I blinked, pulled back into the moment like surfacing too quickly for air. Her face was inches from mine, her expression edged with something cruelly triumphant.
“Dylan will always love me,” she said, each word deliberate, cutting. “He will always be mine. He’ll be your husband on paper… but he’ll always share my bed.”
Something inside me cracked—clean, final.
My eyes lifted to hers, wide, searching for even a flicker of doubt, of hesitation. There was none. Only certainty. Only victory.
I couldn’t breathe in that space anymore.
Without a word, I turned and walked away, each step unsteady but determined. I didn’t trust myself to run—not until I reached the door. The moment it shut behind me, the fragile control I had been clinging to shattered. My feet moved faster, then faster still, until I was stumbling up the stairs, my vision clouded with tears.
I collapsed onto my bed, burying my face into the pillows as if I could smother the reality of it all. A sob tore through me—raw, jagged, uncontrollable. Then another. And another. They came in waves, violent and relentless, leaving me gasping between them, clutching at the sheets as though they could anchor me.
Julia was right.
That truth was the cruelest part. Not her words—but the quiet, sinking certainty that she wasn’t lying.
The night stretched endlessly.
Time lost meaning as I lay there, crying until my body ached and my head throbbed. Every time the tears slowed, my mind would start again—replaying her voice, her smile, the certainty in her tone. Each memory sharpened the pain anew, dragging me back under.
My wedding.
Less than twenty-four hours away.
The thought slammed into me over and over, refusing to be ignored. Tomorrow, I was supposed to walk down an aisle, smile, say vows that suddenly felt hollow in my mouth. Tomorrow, I was supposed to bind my life to a man who had already given himself—heart, body, promises—to someone else.
Sleep never came.
The darkness pressed in around me, heavy and suffocating, while my thoughts raced in endless circles, searching desperately for an answer that didn’t exist. My throat burned, dry and raw, but even the idea of swallowing water felt impossible. By the time pale light crept through my curtains, I had nothing left to cry about.
Only emptiness remained.
When my mom entered at eight in the morning, the door broke softly, almost cautiously, as if she could sense the fragility in the room.
“Sherry, what’s wrong?”
I didn’t move. I couldn’t. My body felt like it belonged to someone else—heavy, unresponsive. My eyes stared blankly at the ceiling, tracing invisible patterns in the cracks.
“Mom…” My voice barely existed, a thin whisper scraping its way out. “I don’t know if I can go through with this.”
The words hung there, fragile and terrifying.
“What are you talking about?” Her tone shifted instantly—confusion edged with concern. “Your whole life you’ve waited for this day, to marry Dylan.

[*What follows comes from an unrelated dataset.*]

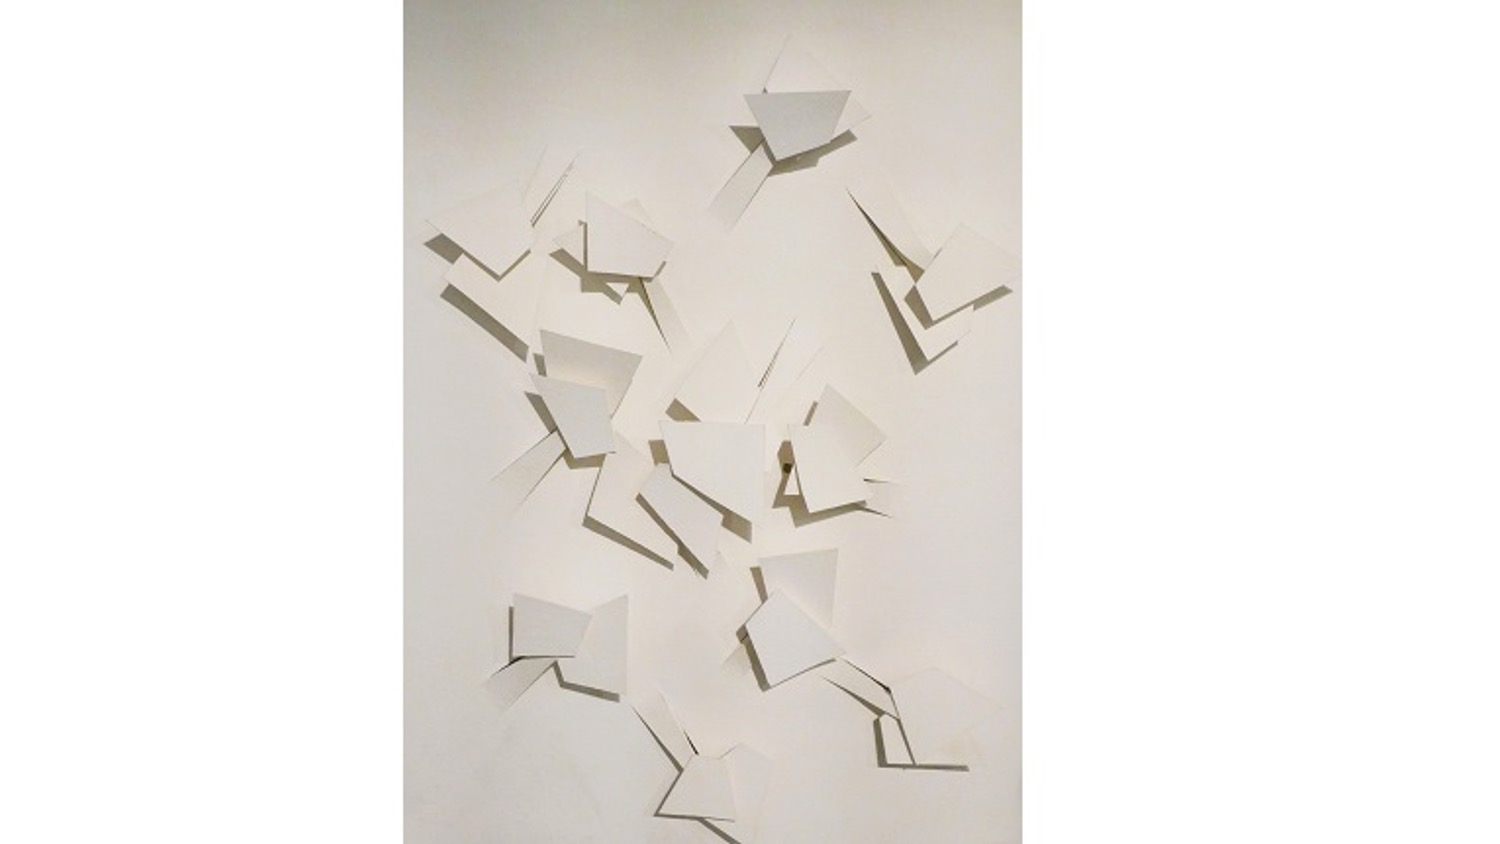 Arthur Luiz Piza. Artista brasileño, 1928-2017. "S/T", 1998. Obra tridimensional realizada en papel hecho a mano tipo cartulina, recortada. 75 x 57 cm.

And now, when it’s finally here, you’re having second thoughts?”
Second thoughts.
If only it were that simple.
The truth sat lodged in my chest, heavy and suffocating. The recording. Julia’s voice. Dylan’s words should have been enough for me to walk away. But how could I say it out loud? How could I shatter everything—not just for myself, but for my family?
Would he really betray me?
The question clawed at my mind, relentless. And then the darker thought followed, uninvited and cruel:
If he’s not getting it at home… he’ll find it somewhere else.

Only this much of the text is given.